AORTIC MANIPULATION AND CLAMP RELATED NEUROLOGIC COMPLICATIONS IN PATIENTS UNDERGOING CONVENTIONAL CABG AND OPCAB
It has been demonstrated that most emboli detected during CABG operations occur during the manipulation of the aorta[5,8]. Barbut et al[68] studied the formation of transient microembolisms during different maneuvers in on pump-CABG. They found that, in addition to a much smaller number of microembolisms during clamp application, CC and side-biting clamp removal was responsible for 58% of the total cerebral microembolic load (34% and 24%, respectively). In another study, 39% of the total microembolisms occurred during side-biting clamp application, and 46% during clamp removal[5]. Lev-Ran et al[69] compared 429 patients who underwent the aortic no-touch technique with 271 patients who underwent PC, they found a significantly lower incidence of stroke in the no-touch group and identified PC as an independent predictor of stroke.

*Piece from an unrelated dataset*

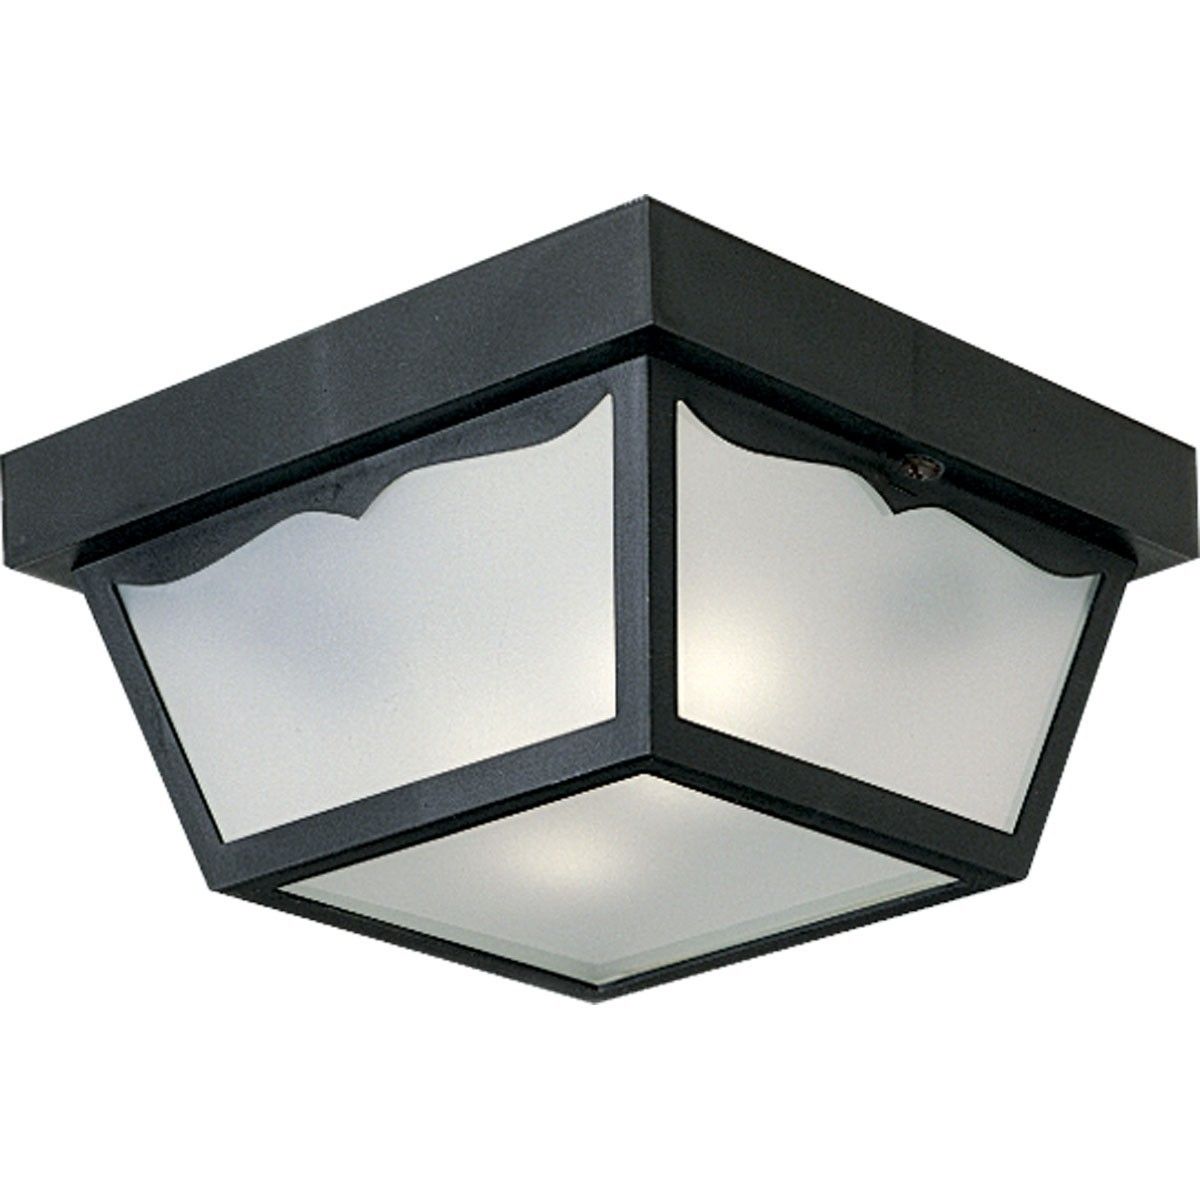 60w Outdoor Flush Mount Non Metallic Ceiling Light – Progress Pertaining To Outdoor Ceiling Lights (View 2 of 15)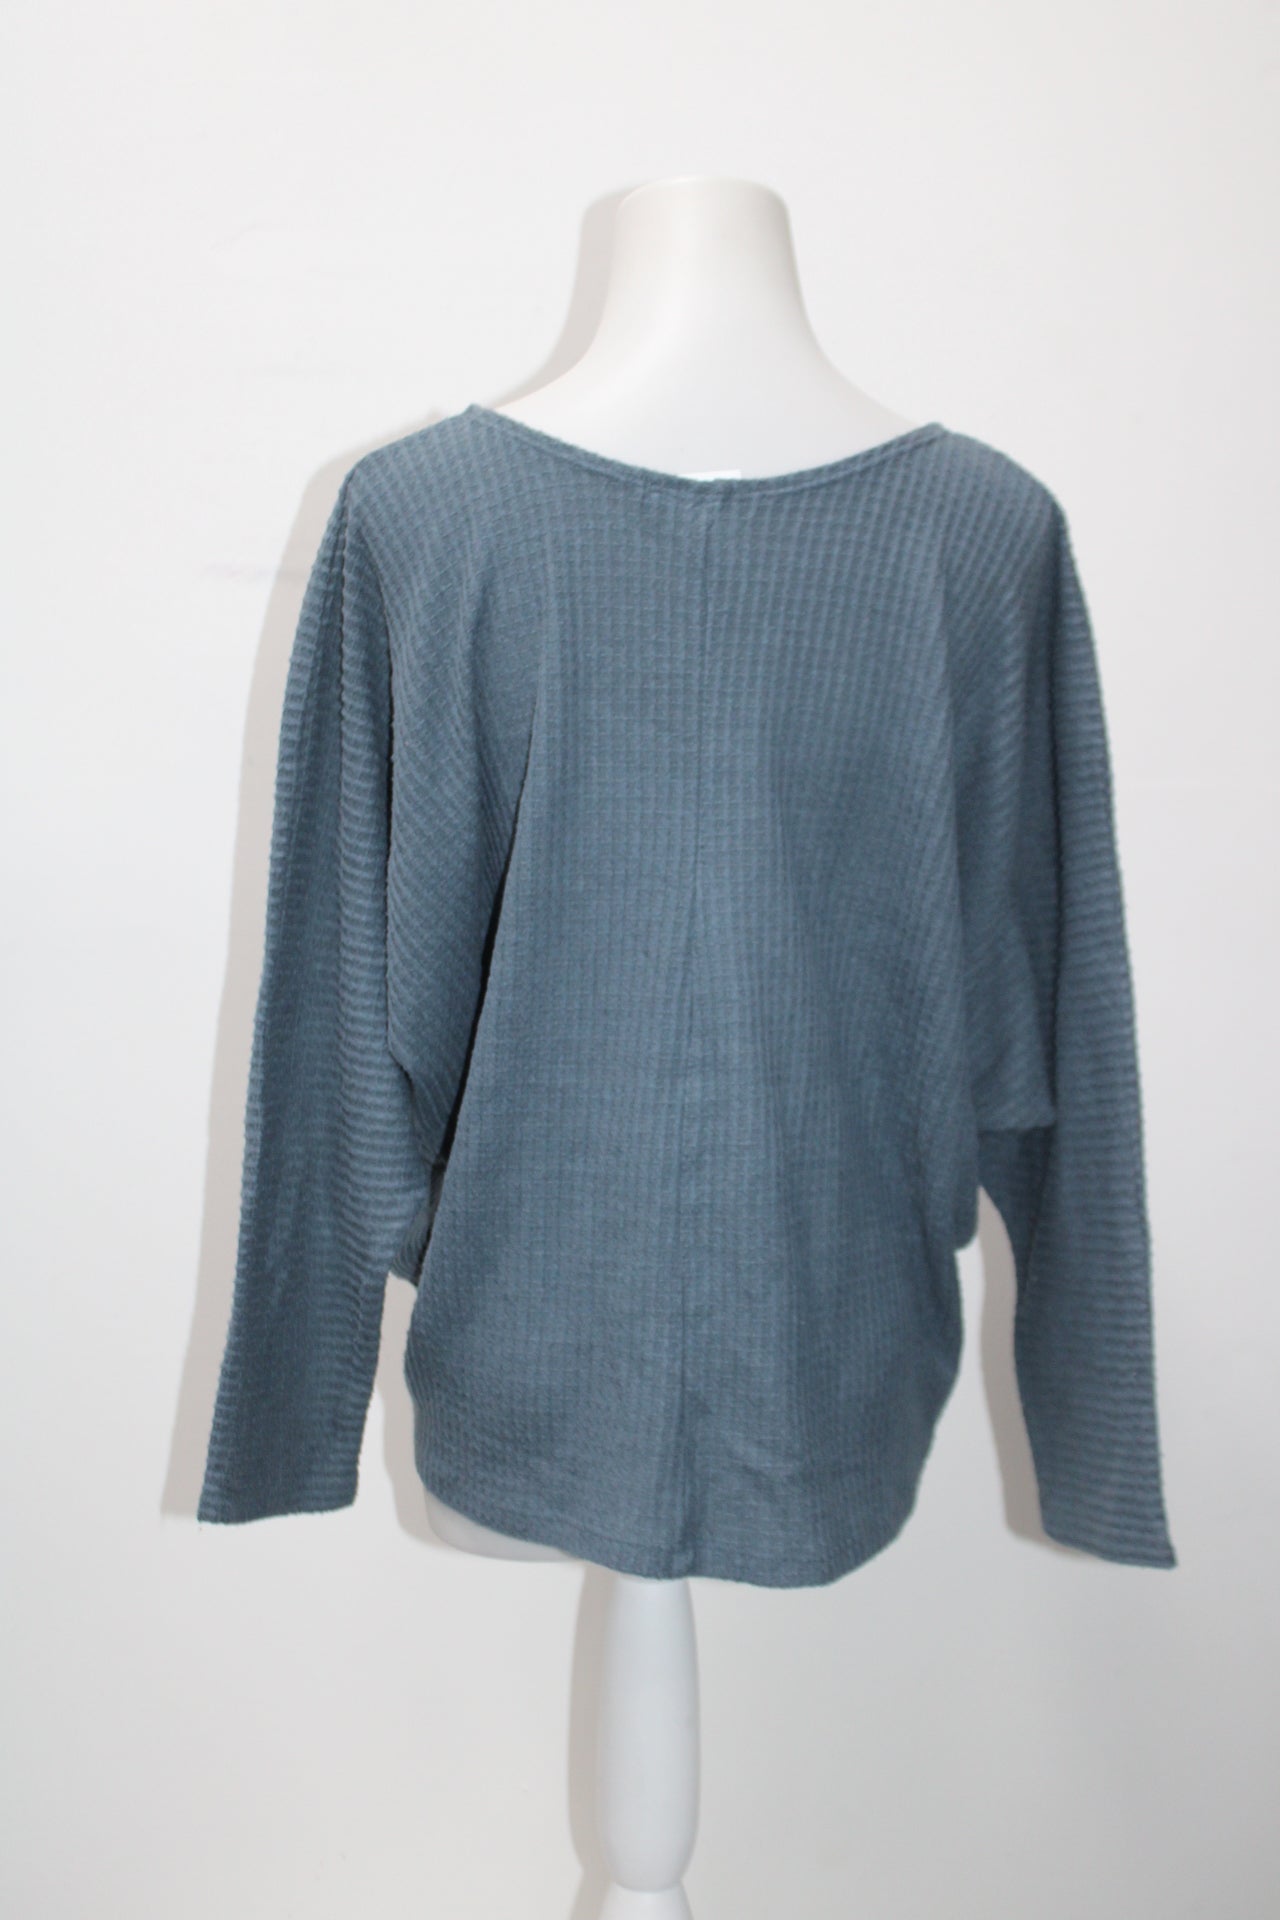 Kim & Cami Women's Top Blue M Pre-Owned

In a meta-analysis comparing the results of different CABG techniques; (anaortic off-pump, off-pump with the clampless Heartstring device, off-pump with a PC, traditional on-pump CABG with aortic CC) the anaortic off-pump is an effective treatment method to reduce the risk of postoperative stroke, mortality, renal failure, bleeding complications, atrial fibrillation and to shorten the length of stay in intensive care unit[6]. The degree of EU, postoperative stroke score, operative approach, and aortic clamping were independently associated with an increase in postoperative stroke compared to the no-touch technique. Also, the observed-expected stroke rate increased as the degree of aortic manipulation increased[14].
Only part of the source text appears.